Last night feel adventurous after dark I slipped out and began walking up Columbus from my hotel, past City Lights to Washington Square where I stopped a while and contemplated the towers of Peter and Paul, lit up white in the night and just crowing the tops of the trees planted right in front of them.

A couple women jogged by in the dark. The place was full of homeless---a man slept under a tarp.

The door of the parish center was open. An old Chinese woman leaned out as I walked by, as if looking for someone else. Then following the plot line of an old movie I climbed in the dark up towards Greenwich Street until I saw the harbor from a vantage point on the flank of Telegraph Hill.
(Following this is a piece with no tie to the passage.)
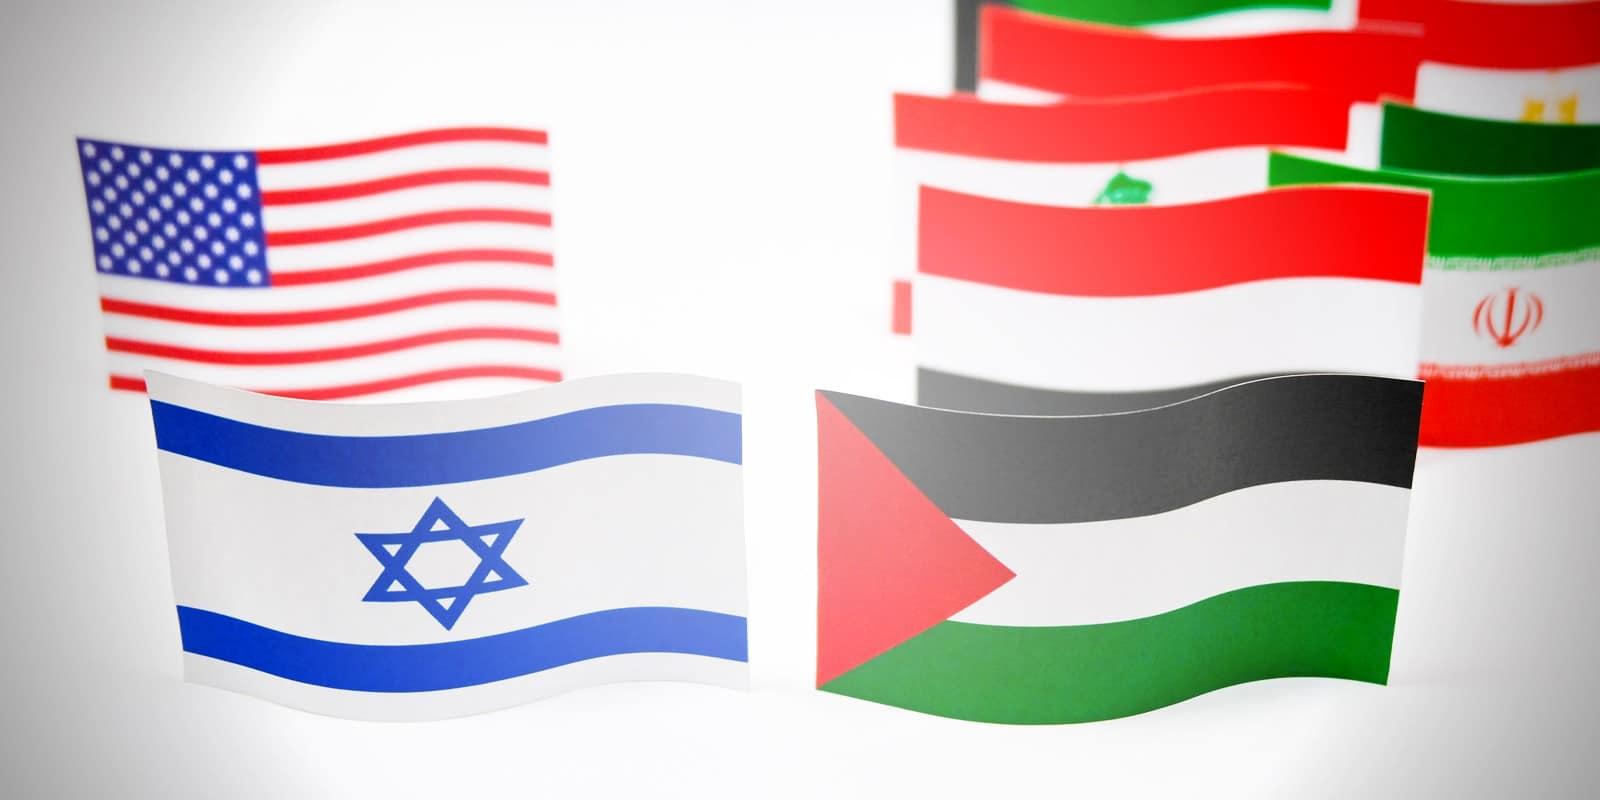 USA ISRAEL PA FLAGS

Right as I got there I could see, down on the dark water below, the beautiful mass of a giant cruise ship entering the Bay. It was all lit up, a floating hotel. The lights of its many decks refelected down into the water like long tubules like smears of crayon, It made the ship and its reflection look like a giant techno jellyfish sliding sidways towards the old span of the Bay Bridge to Yerba Buena island. I marveled at how beauitful it was. Behind the island one couls see the new span of the Bridge. It looked like a white LED veil held aloft in front of the old waterfront of Oakland---a triumph of design.

A trio of young men, visiting techie types in their Twenties, walked by me and went up the path into the woods towards Coit Tower. I followed them and went all the way to the tower. After that I wound up walking all the way down to the Hyde Pier. On the way home I got a piece of pizza from a place right where Columbus means Kearny.

The City never felt so beautiful and accessible as at that moment. It felt as if every place I had been to had prepared to me to be able to come back here and experience it this way, as if some kind of reward for every bit of effort I've managed to muster.